The data
··········
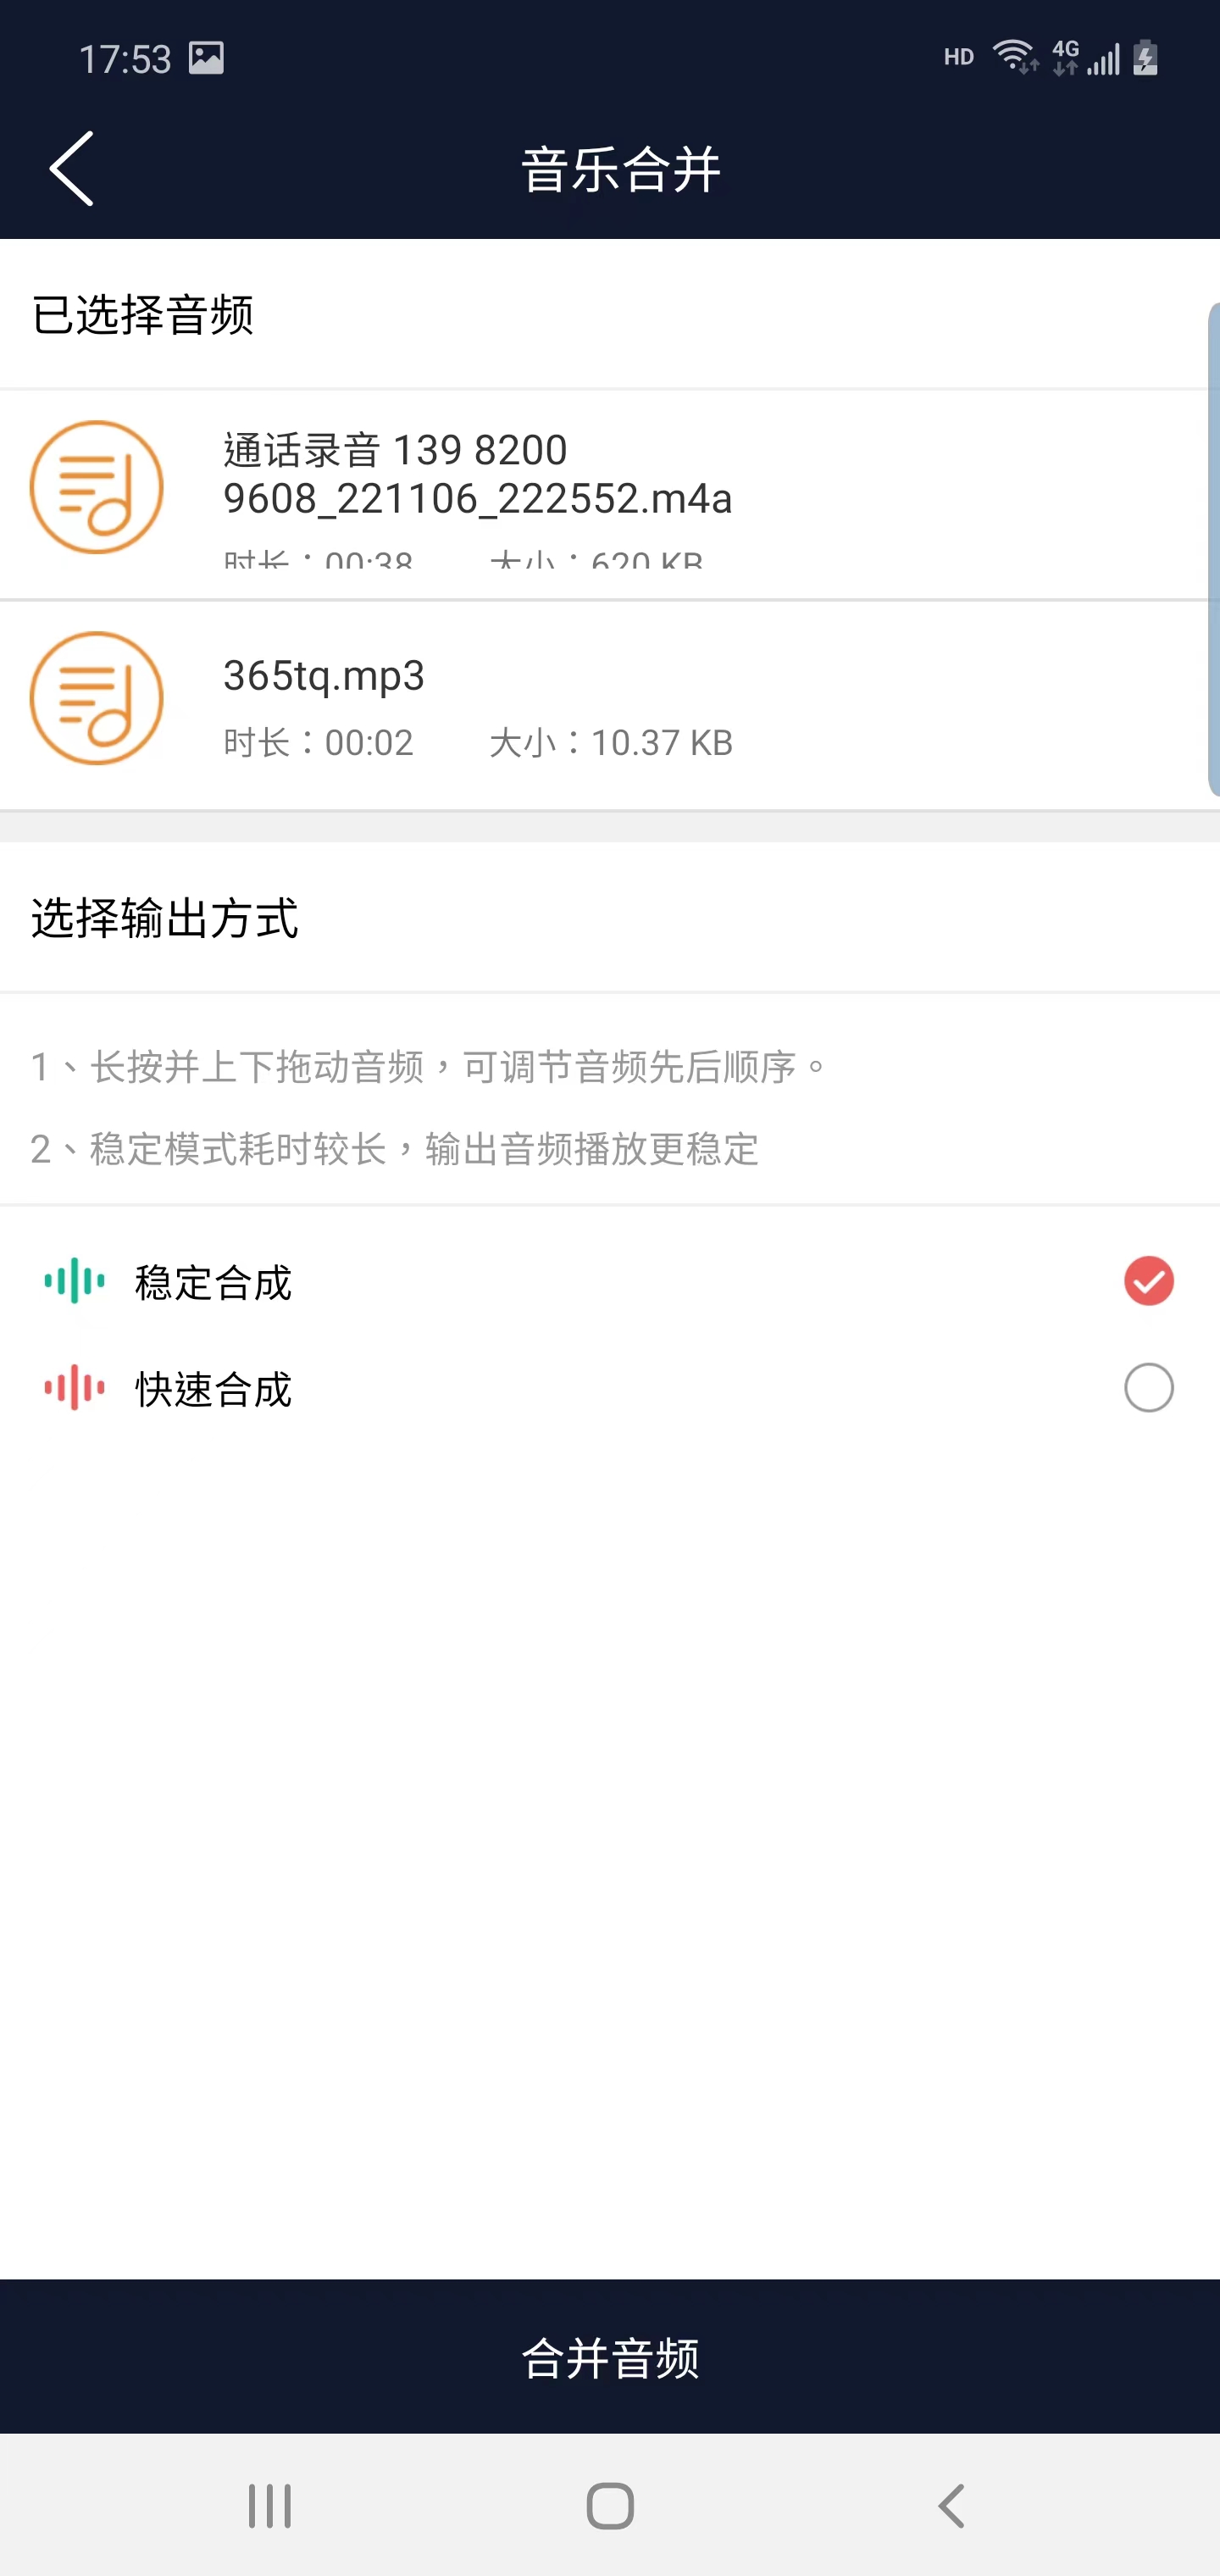 楠月音频编辑app下载,楠月音频编辑app官方版 v1.0
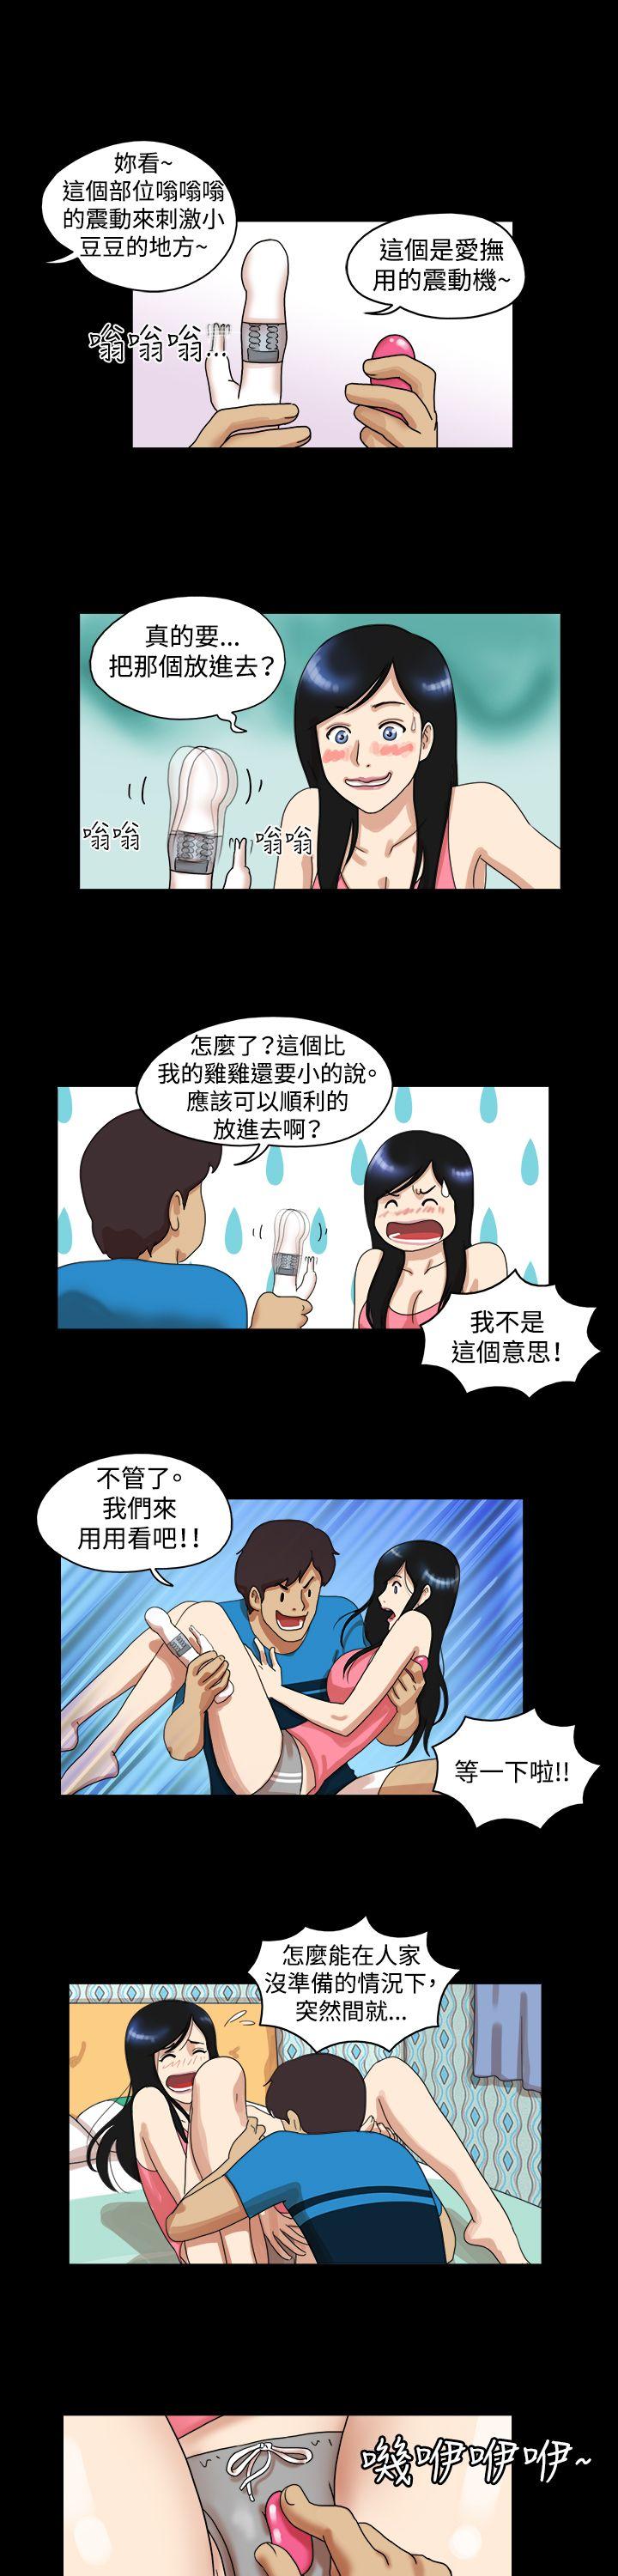 韩国污漫画 17種性幻想第一季 第30话 7
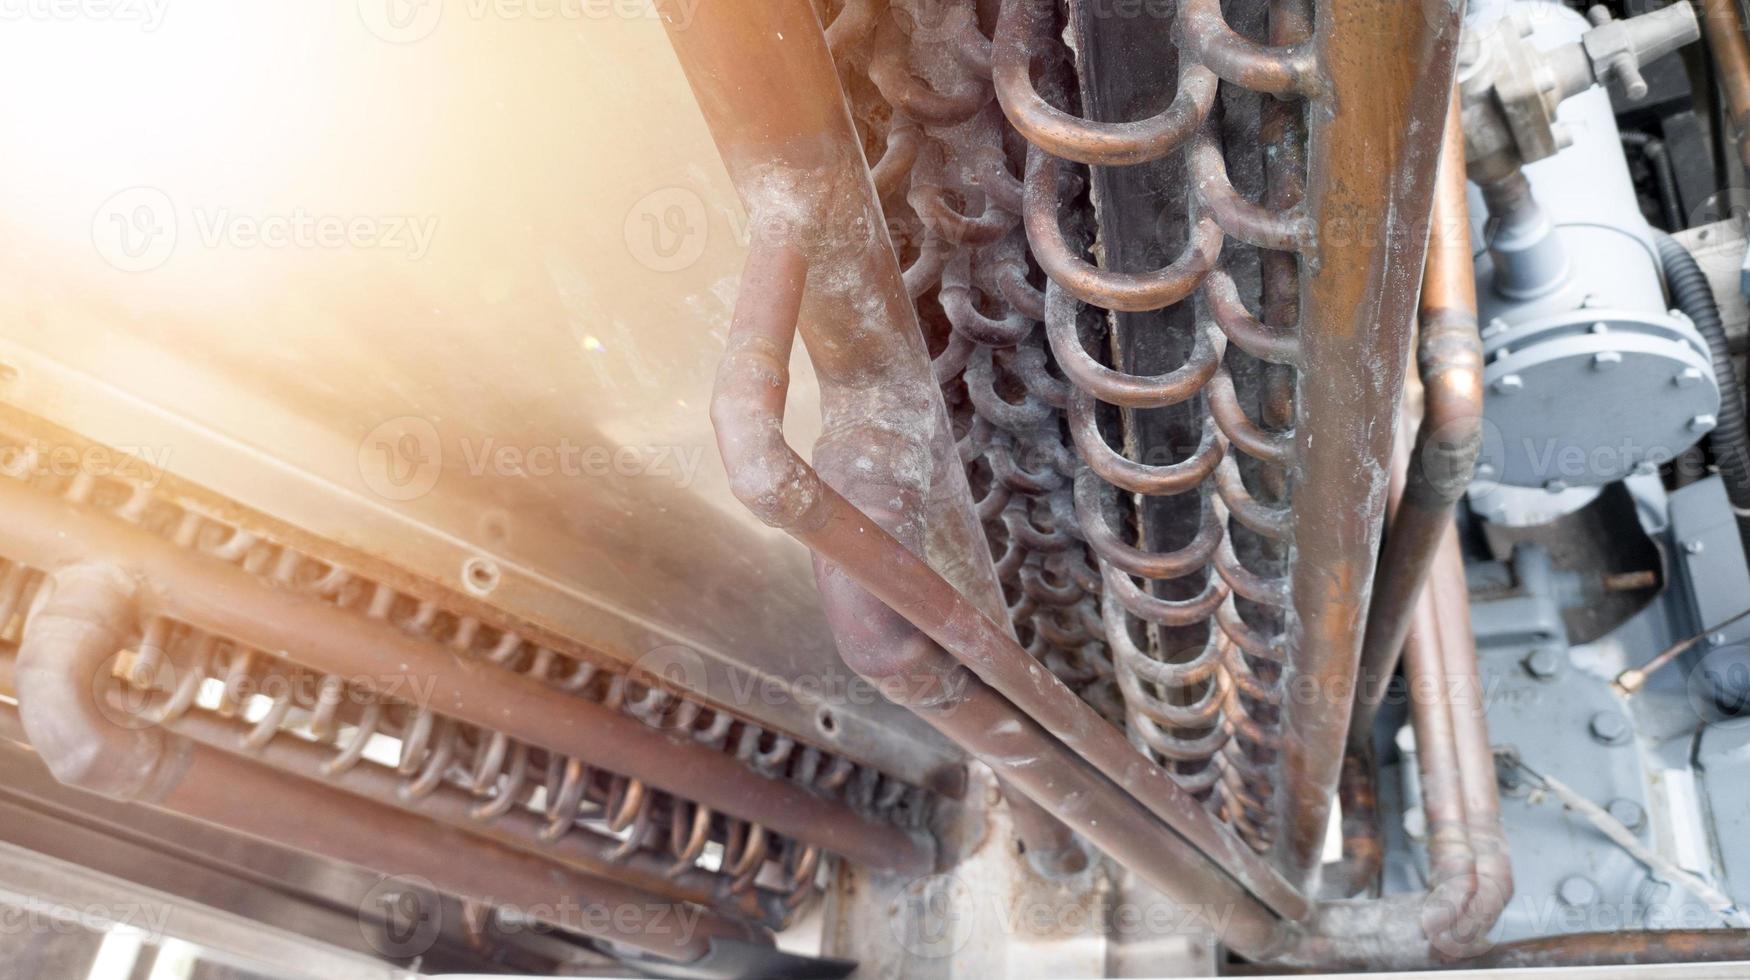 kondensor rör på de kylmedel systemet i kylare kompressor. foto
··········
Exercise goal
Drop the pictures and give every line above again exactly.

Solved exercise
 楠月音频编辑app下载,楠月音频编辑app官方版 v1.0
 韩国污漫画 17種性幻想第一季 第30话 7
 kondensor rör på de kylmedel systemet i kylare kompressor. foto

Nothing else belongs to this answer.